Although she is progressively understanding this position, she still clings

to the hope that her husband will come to her protection and defend her

from the outside world once her crime is out in the open. After she

reveals the "dastardly deed" to her husband, he becomes understandably

agitated; in his frustration he shares the outside world with her, the

ignorance of the serious business world, and destroys her innocence and

self-esteem. This disillusion marks the final destructive blow to her

doll's house. Their ideal home including their marriage and parenting has

been a fabrication for the sake of society. Nora's decision to leave this

false life behind and discover for herself what is real is directly

symbolic of woman's ultimate realization. Although she becomes aware of

her supposed subordinateness, it is not because of this that she has the

desire to take action. Nora is utterly confused, as suggested by Harold

Clurman, "She is groping sadly in a maze of confused feeling toward a way

of life and a destiny of which she is most uncertain (256)." The one thing

she is aware of is her ignorance, and her desire to go out into the world

is not to "prove herself" but to discover and educate herself.
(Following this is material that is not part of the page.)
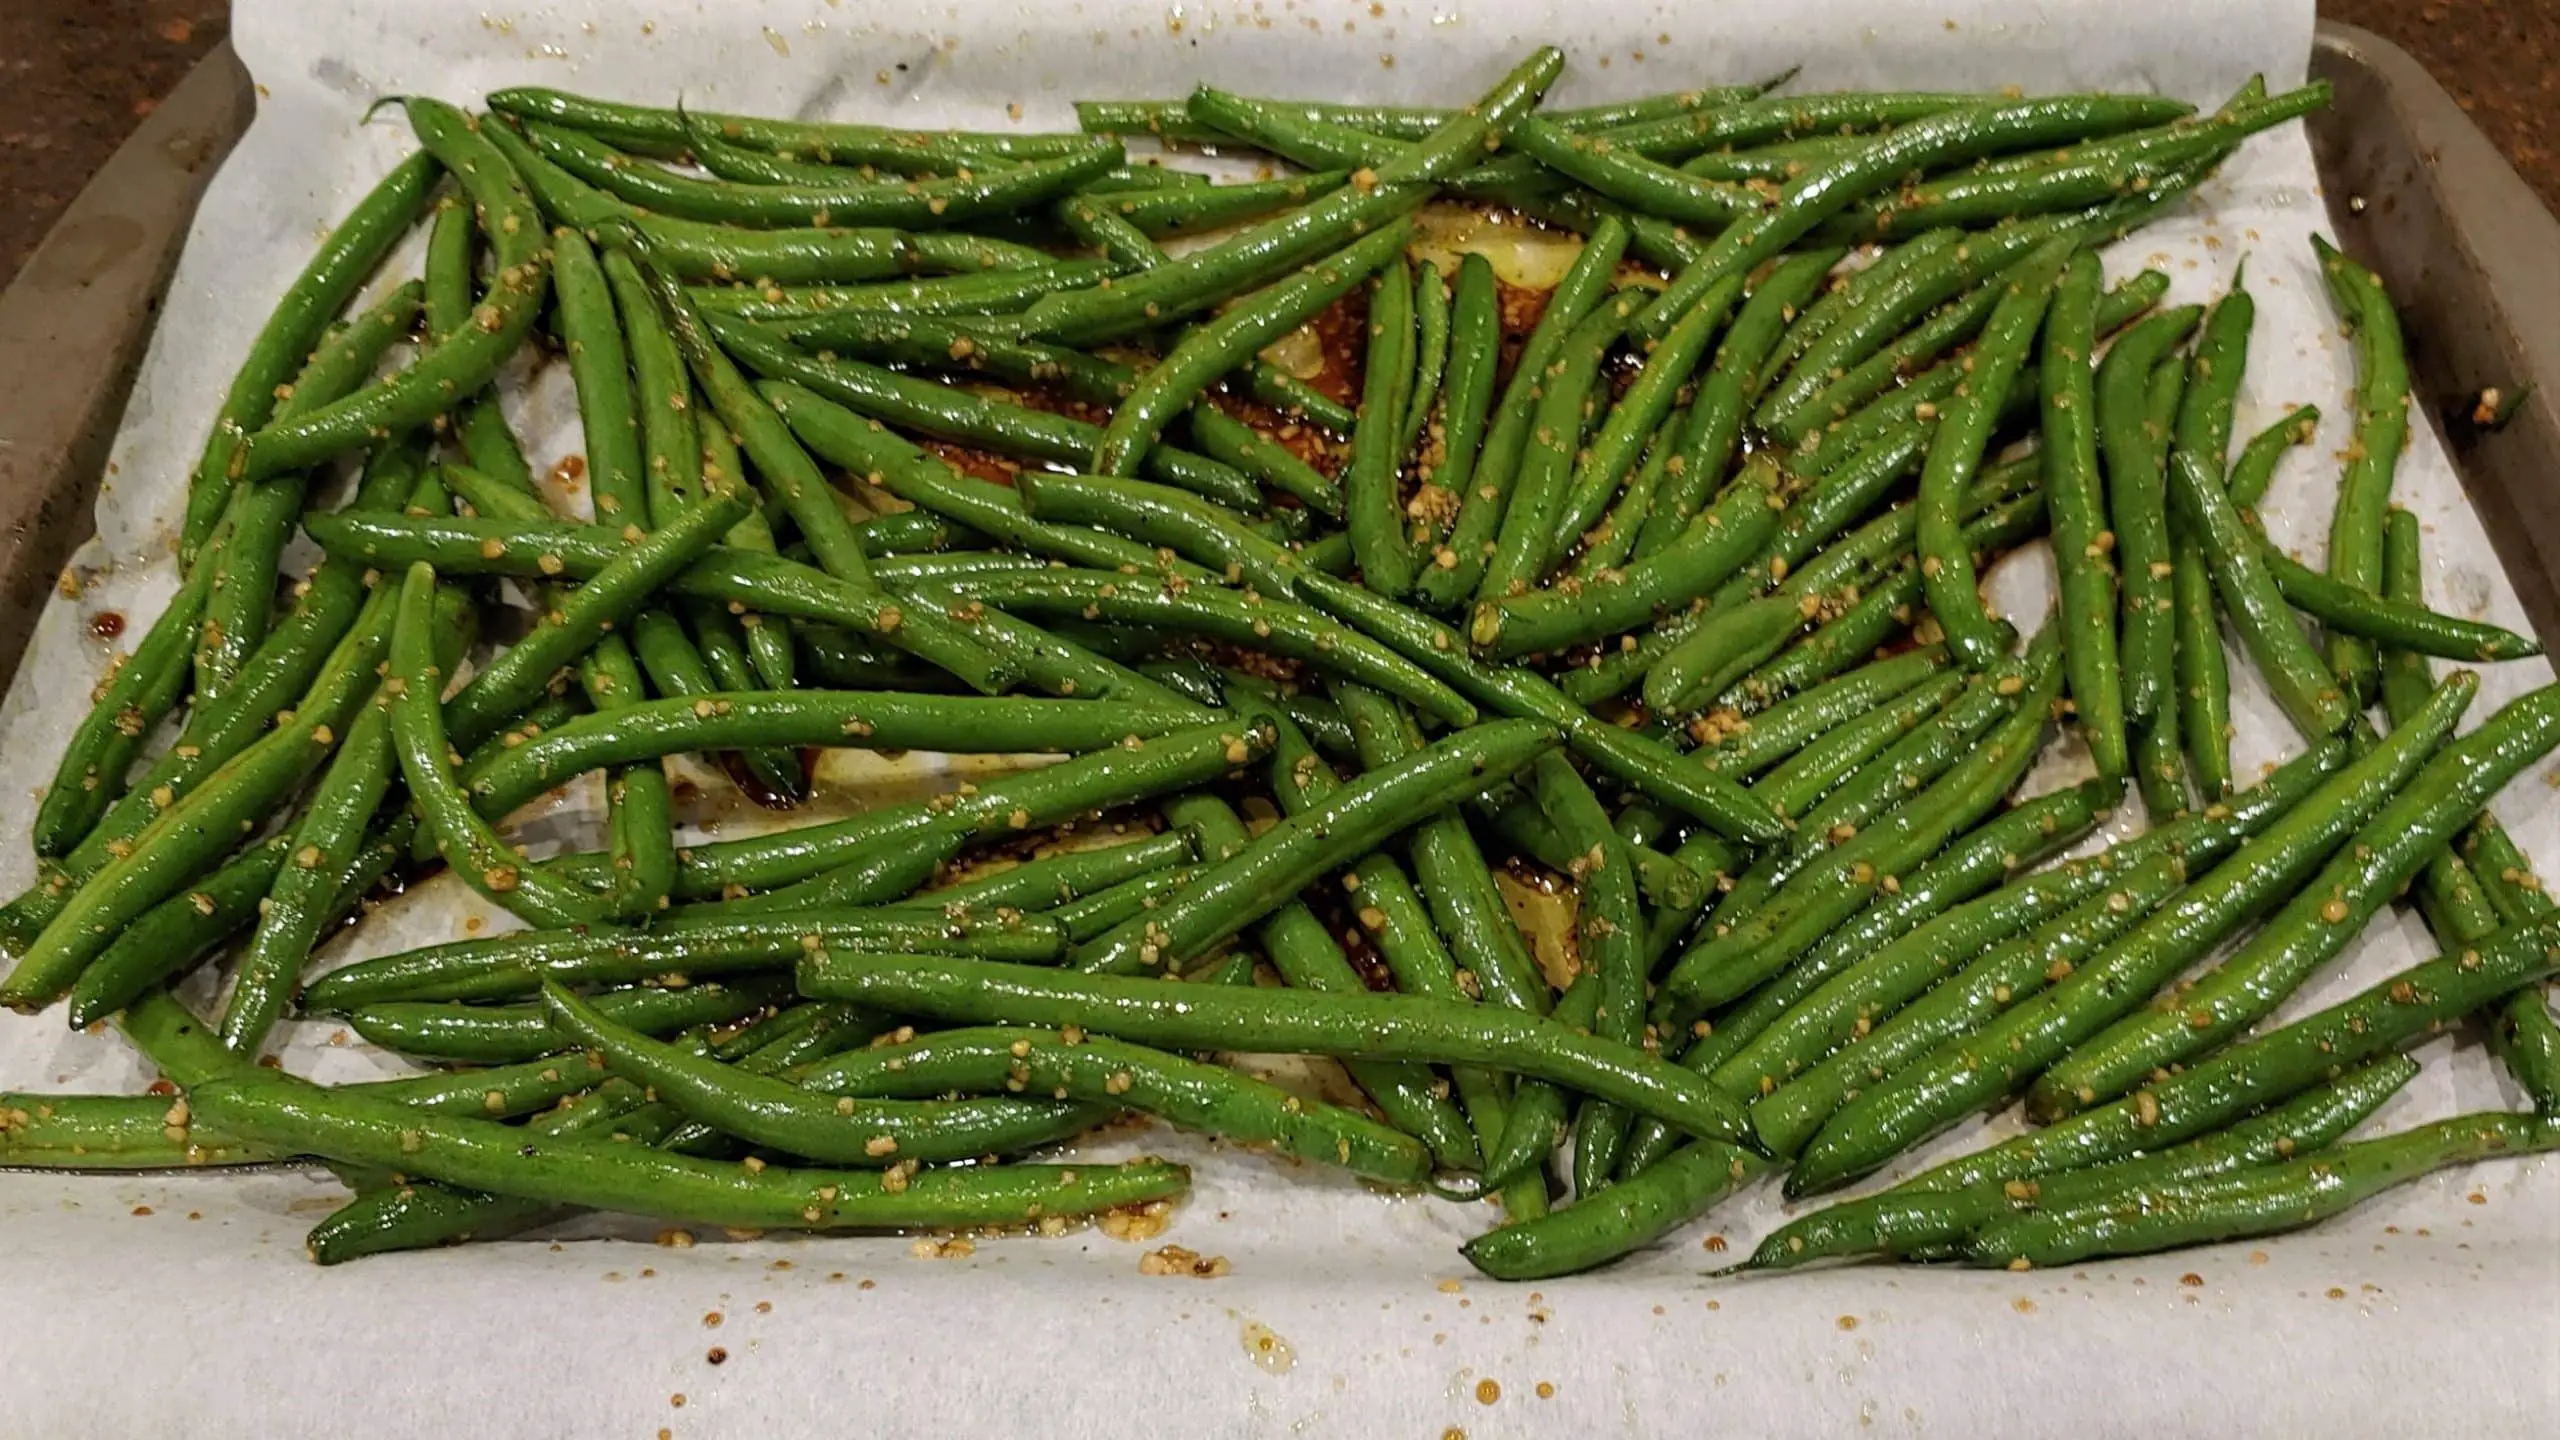 Balsamic Marinade smothered over Fresh Green Beans - Dining in with Danielle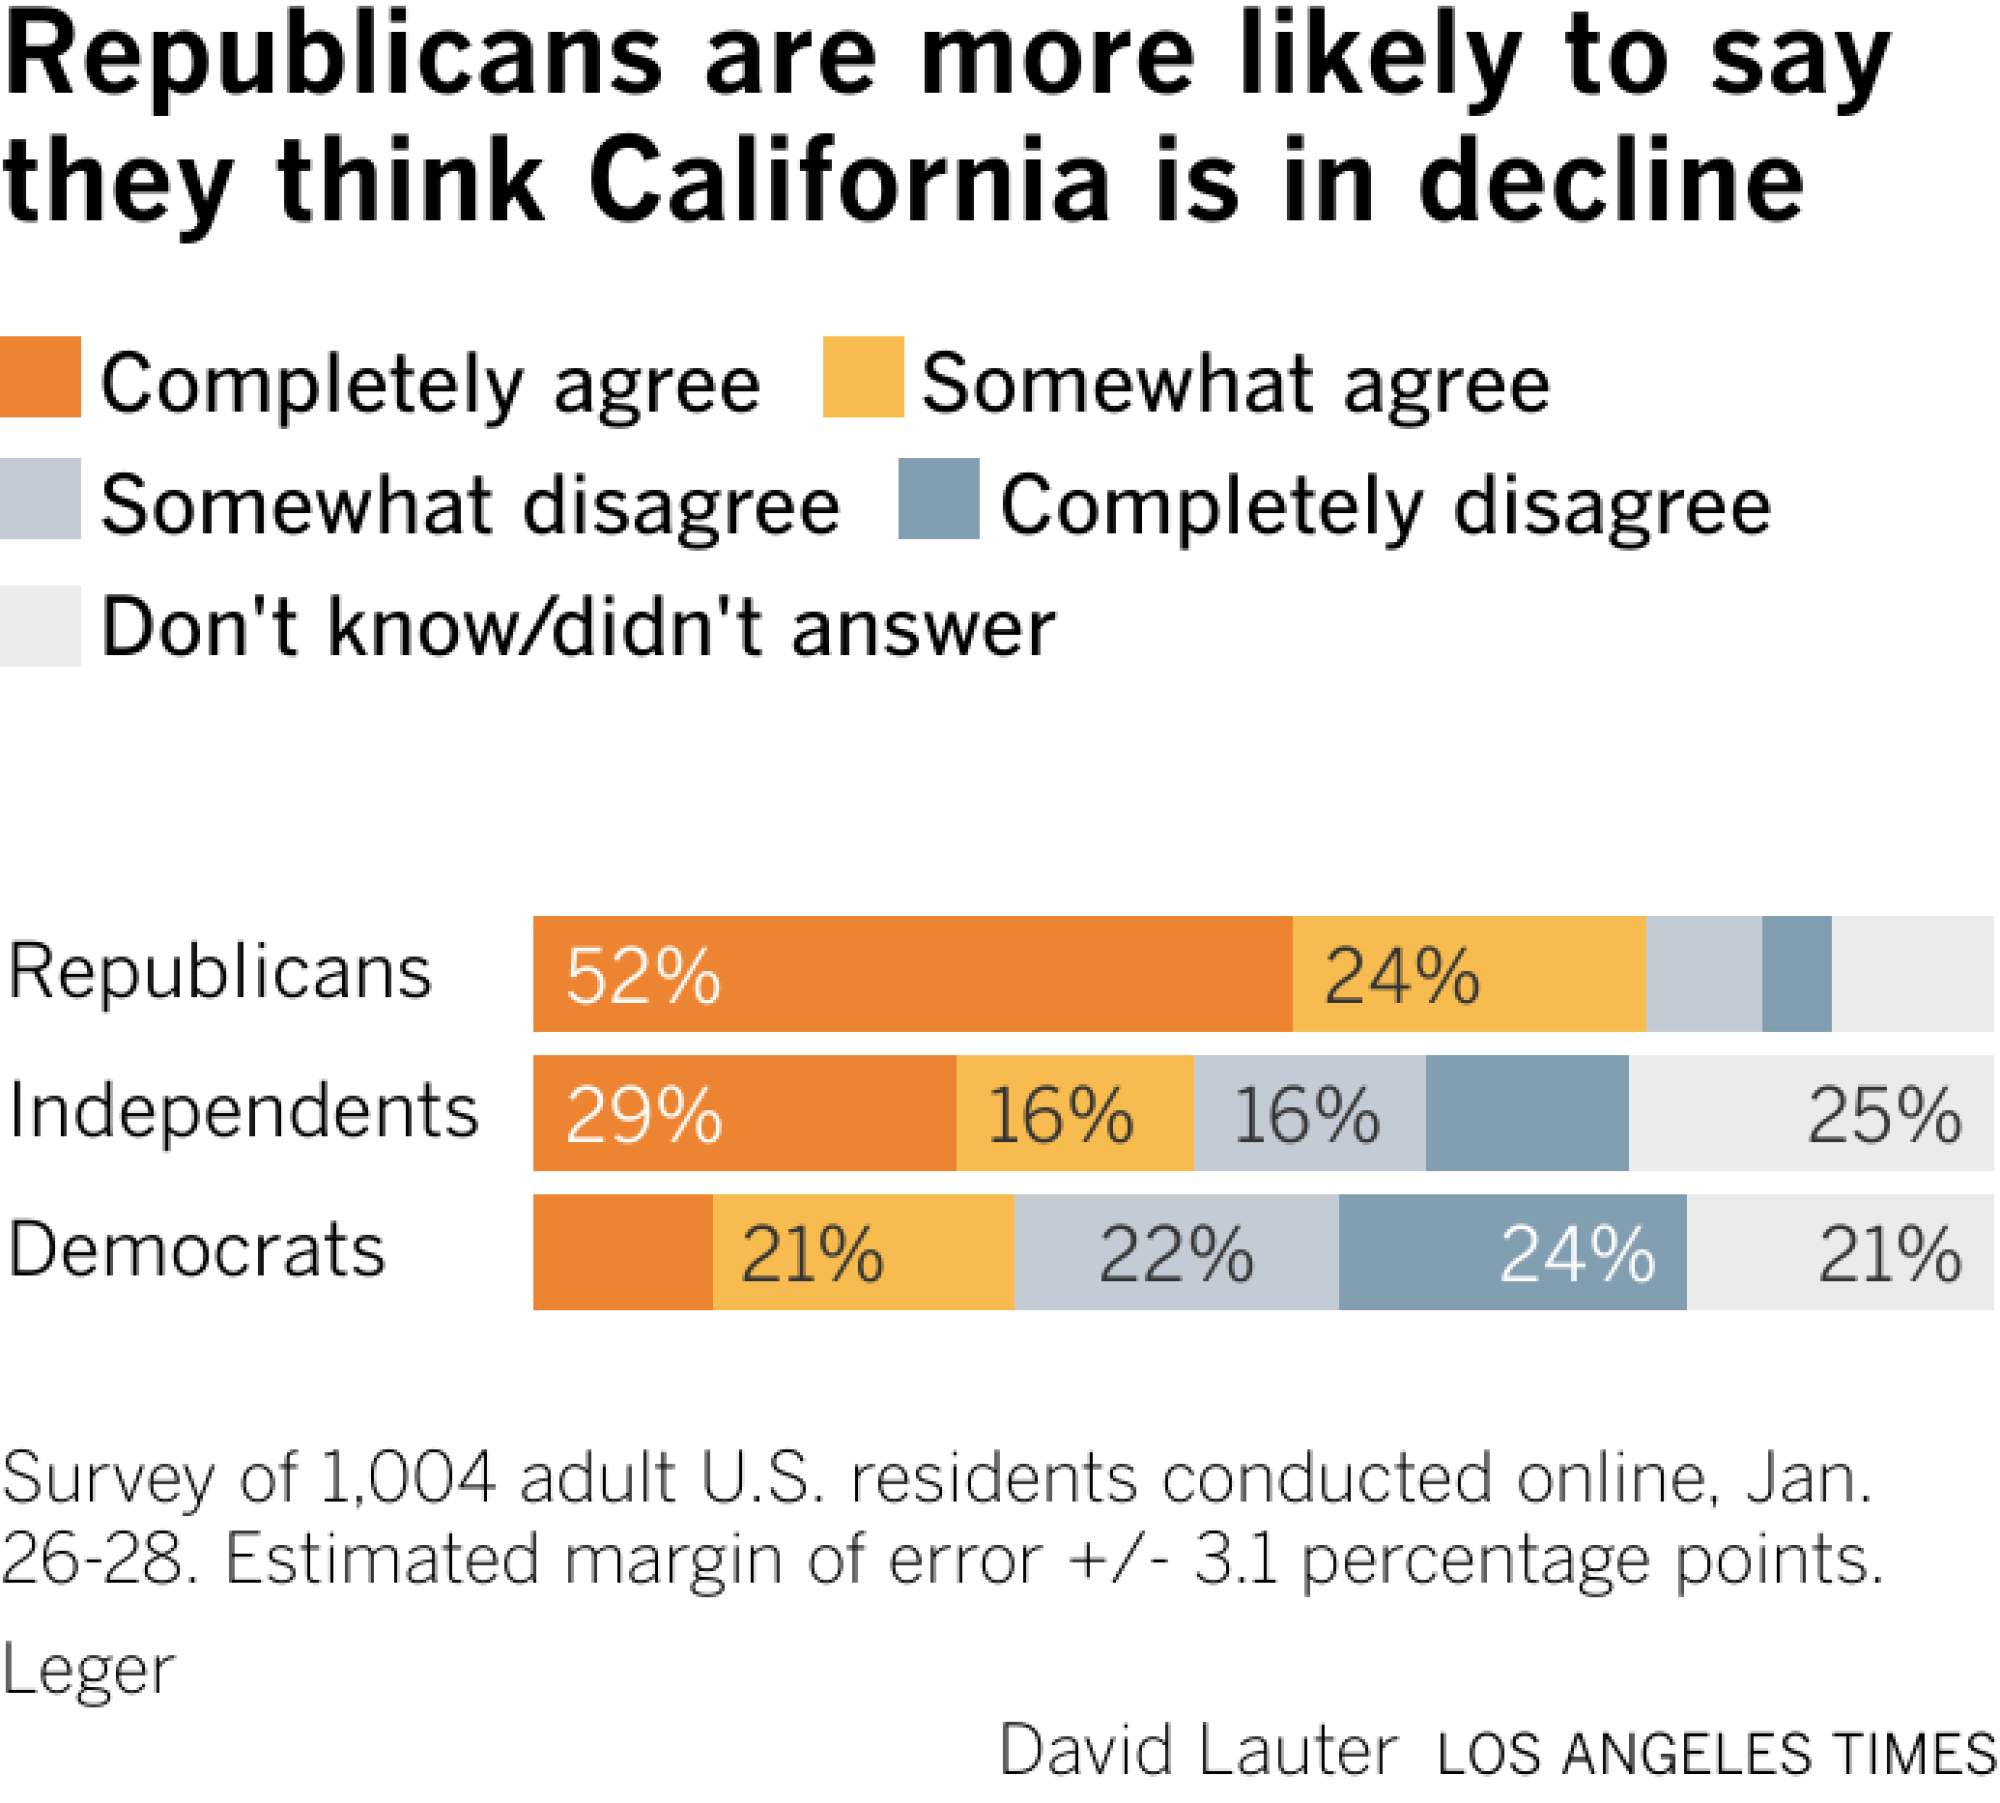 The bar graph shows the percentage of Republicans, independents, and Democrats who completely agree, somewhat agree, somewhat disagree, or completely disagree that California is in decline.

She must

strive to find her individuality.

That the perception of woman is inaccurate is also supported by the

role of Torvald. Woman is believed to be subordinate to the domineering

husband. Instead of being the strong supporter and protector of his

family, Nora's husband is a mean and cowardly man. Worried about his

reputation he cares little about his wife's feelings and fails to notice

many of her needs. The popular impression of man is discarded in favor of

a more realistic view, thus illustrating society's distorted views.

Ibsen, through this controversial play, has an impact upon

society's view of the subordinate position of women. By describing this

role of woman, discussing its effects, and predicting a change in

contemporary views, he stressed the importance of woman's realization of

this believed inferiority. Woman should no longer be seen as the shadow of

man, but a person in herself, with her own triumphs and tragedies. The

exploration of Nora reveals that she is dependant upon her husband and

displays no independent standing. Her progression of understanding

suggests woman's future ability to comprehend their plight. Her state of

shocked awareness at the end of the play is representative of the awakening

of society to the changing view of the role of woman. "A Doll's House"

magnificently illustrates the need for and a prediction of this change.